Susan : If only . . . If only I could tell you how much I've fallen for you. I have no idea how and why though. But it's been the most happiest part of my life. Getting this feeling. I thought I was— incapable of it.

   Okay, I could hear everything. The only unaware person was Susan.
   Somehow nervousness crept into me out of nowhere. Was she being real right then? Or was I really drunk and dreaming? Something happened to me. It was the same weird feeling I'd felt before.

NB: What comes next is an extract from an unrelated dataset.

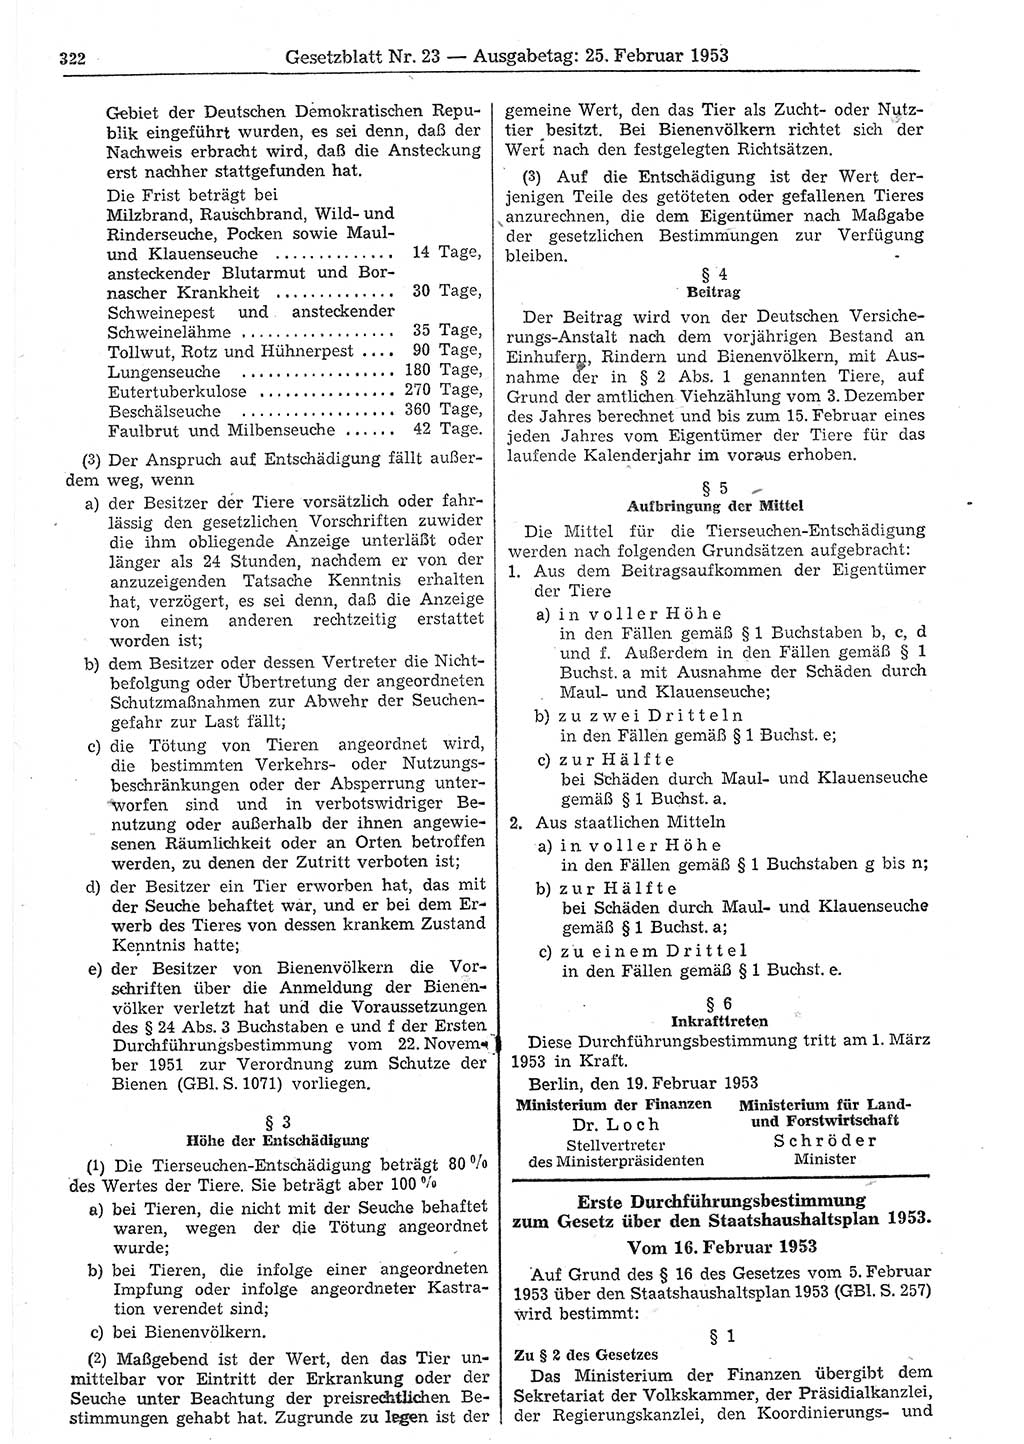 Gesetzblatt (GBl.) der Deutschen Demokratischen Republik (DDR) 1953, Seite 322 (GBl. DDR 1953, S. 322)

Countless times when I was with Susan.
   I couldn't open my eyes.
   I didn't open my eyes.
   I stayed quiet and merely listened.
   I didn't tell her that I could hear everything.
   And then suddenly—

Susan : . . . . I love you.

   . . . Woah.
   . . . Woah!
   . . . WOOOOAAAAHHH!

   WHAT THE HELL?!

   Oh my god, oh my god, oh my god. I wanted to jump into the ocean.
   Oh my fuck! I was fucking freaking out!
   I couldn't remember if I'd ever been this excited before.
   I could die if it was all just me.
   I was surprised at how patient I was being with my pretense.

   The silence that followed almost suffocated me. But I was such a coward, I didn't face her at all. And I regretted it.
   To be honest, I just couldn't figure out my feelings.
   What was with it all? What was with Susan? Was she actually serious?

   Ah damn, why didn't I open my eyes?!

   I was still being absolutely indecisive, when another voice sounded.

Kaedan : Ah, you're here, huh? I was wondering where you went. . . . Are you sleeping?

   My shoulder was shaken twice. I pretended to wake up, fearing Susan was still probably around. But when I did look around, she wasn't there. It was only Kaedan.

Kaedan : How much did you drink?

Jeremiah : I'm not drunk! . . .Where'd Susan go?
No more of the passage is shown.